Originating in Africa, the Zika virus (ZIKV) has spread to Asia, Pacific Islands and now to the Americas and beyond. Since the first isolation in 1947, ZIKV strains have been sampled at various times in the last 69 years, but this history has not been reflected in studying the patterns of mutation accumulation in their genomes. Implementing the viral history, we show that the ZIKV ancestor appeared sometime in 1930-1945 and, at that point, its mutation rate was probably less than 0.2 × 10-3/nucleotide site/year and subsequently increased significantly in most of its descendants. Sustaining a high mutation rate of 4 × 10-3/site/year throughout its evolution, the Ancestral Asian strain, which was sampled from a mosquito in Malaysia, accumulated 13 mutations in the 3'-untranslated region of RNA stem-loops prior to 1963, seven of which generate more stable stem-loop structures and are likely to inhibit cellular antiviral activities, including immune and RNA interference (RNAi) pathways. The seven mutations have been maintained in all Asian and American strains and may be responsible for serious medical problems we are facing today and offer testable hypotheses to examine their roles in molecular interactions during brain development.

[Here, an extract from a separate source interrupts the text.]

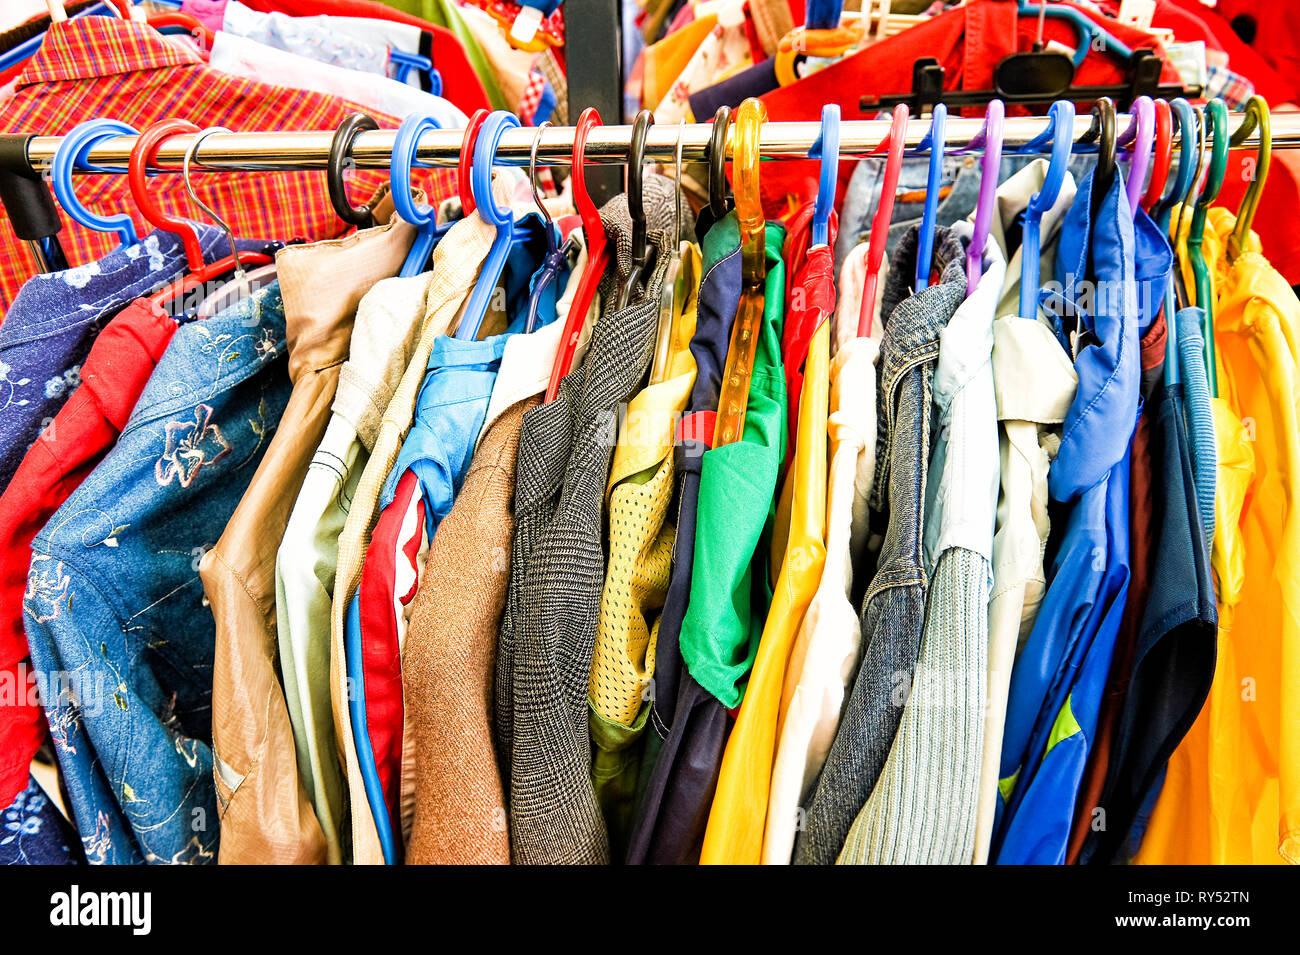 Auf einer Kleiderstange haengen buten Damen- und Herrenoberteile. - Stock Image
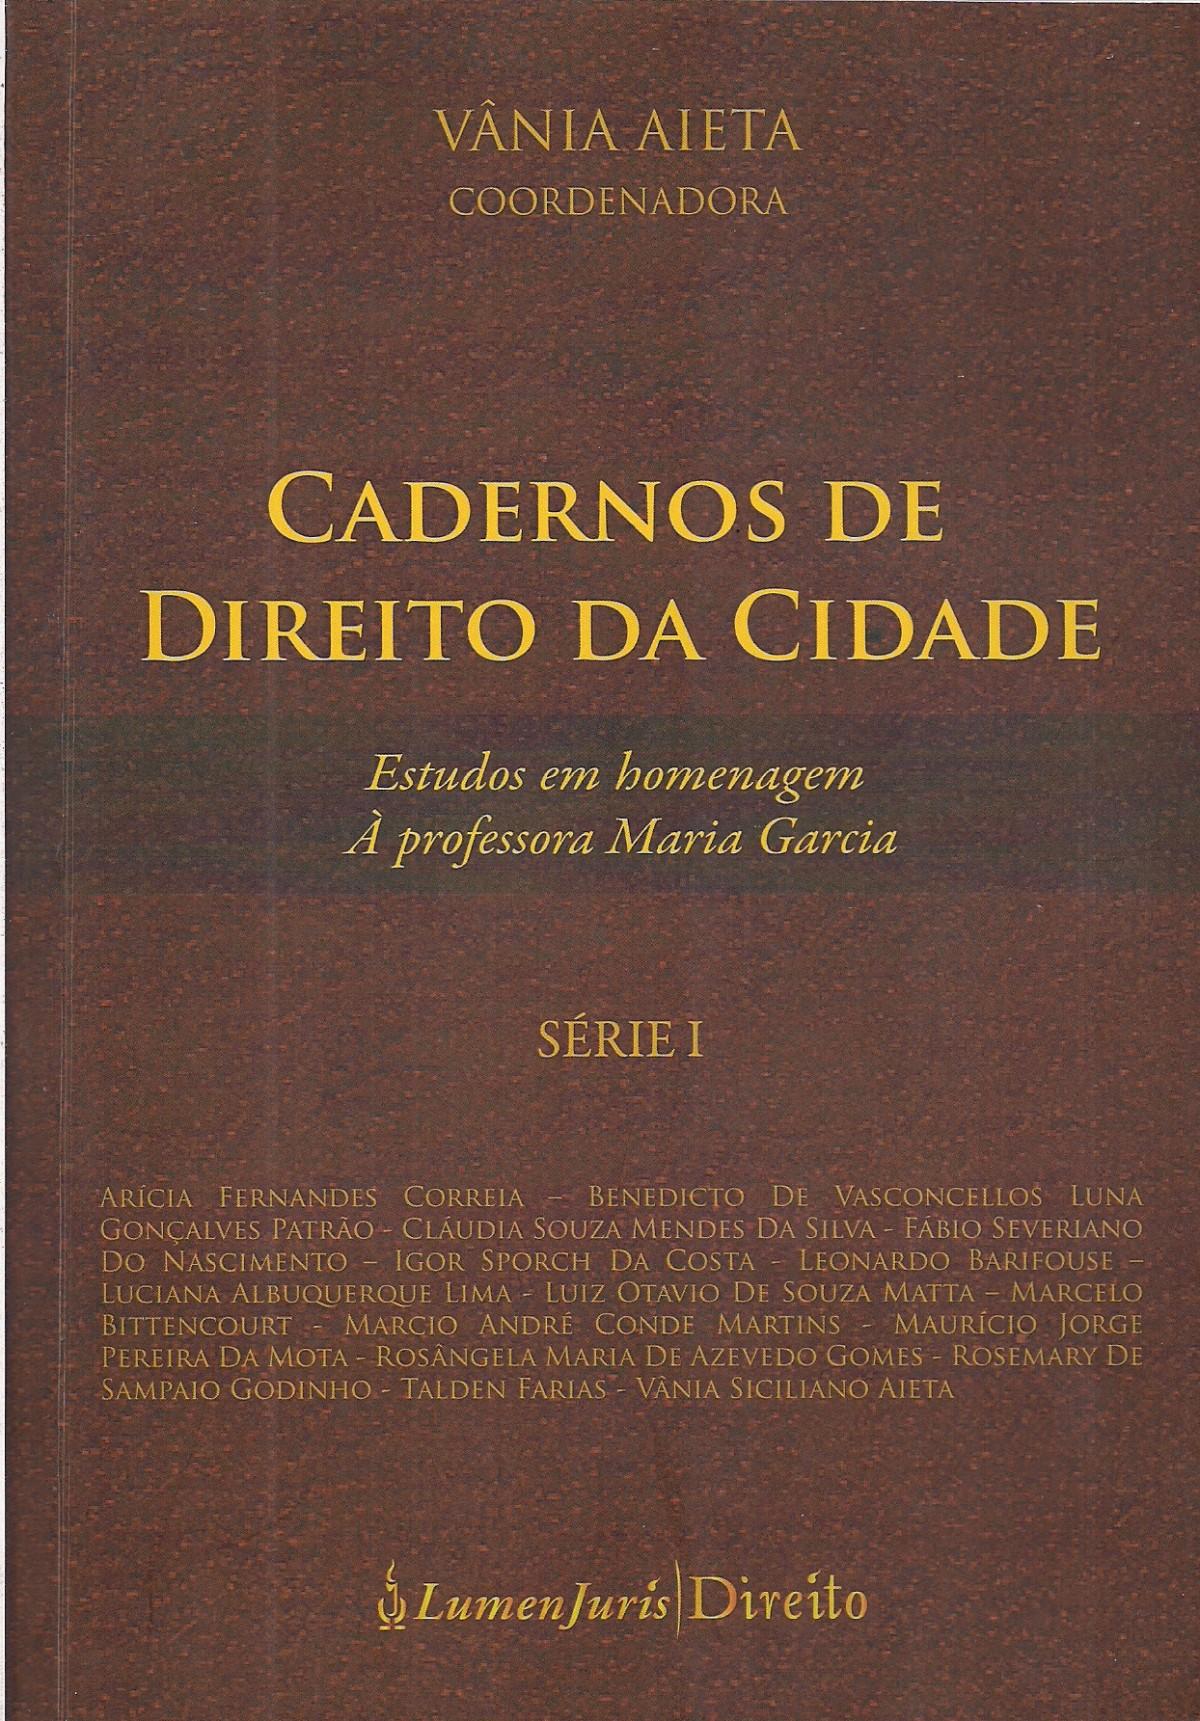 Foto 1 - Cadernos de Direito da Cidade - Série I - 2014

Keywords: RNA structures.; Zika viruses; evolutionary rates; evolutionary tree.

Fig. 1.

Phylogenetic trees of 20 representative ZIKV strains. Numbers in front of ZIKV strains indicate the year of isolation. The root was determined using Spondweni virus (SM-6V-1) as the outgroup. (A) The NJ tree, which was obtained by applying the Neighbour-Joining (NJ)-method directly to the sequence data (Tamura et al. 2013). Numbers at various nodes indicate clustering percent supports generated by 1000 bootstrap analyses. Blue and orange rectangles indicate groups 1–3 of African strains and Asian strains which were distinguished using the NJ method, respectively. (B) The PE tree, where the tree topology was determined first and then branch lengths were determined using the ML method (Yang 2007).

Fig. 2.

Estimation of divergence times and evolutionary rates of ZIKV strains. (A) A modified PE tree with divergence times (T₁–T₉) and evolutionary rates of nucleotide substitution per site per year (a₁–a₁₉). Three groups of strains are distinguished by blue, black and red branches with evolutionary rates of 0.05, 0.2–1.5 and 2.0–5.1 × 10 ^− 3/site/year, respectively. (B) A phylogenetic relationship among MR766 (strain 0), Aae-Malaysia (strain 1), Micronesia (strain 3), and Aaf1 (strain 12). d_i,js are the branch lengths between pairs of strains i and j (i, j = strains 0, 1, 3, and 12). Evolutionary rates a₁, a₃, and a₁₂ are followed by divergence times (in parentheses).

Fig. 3.

mfold RNA structure models of MR 766 and Asian strains. (A) The SL-I structures. (B) The SL-DB structures. (C) The 3′-SL structures. The comparable segments of the African and Asian strains are shown by blue strips, whereas the mutated sites are highlighted by yellow rectangles. The SL-I, SL-DB, and 3′-SL structures were modeled considering nucleotide sites 1–60, 237–322, and 332–428, respectively, and minor loops for the latter two are not shown.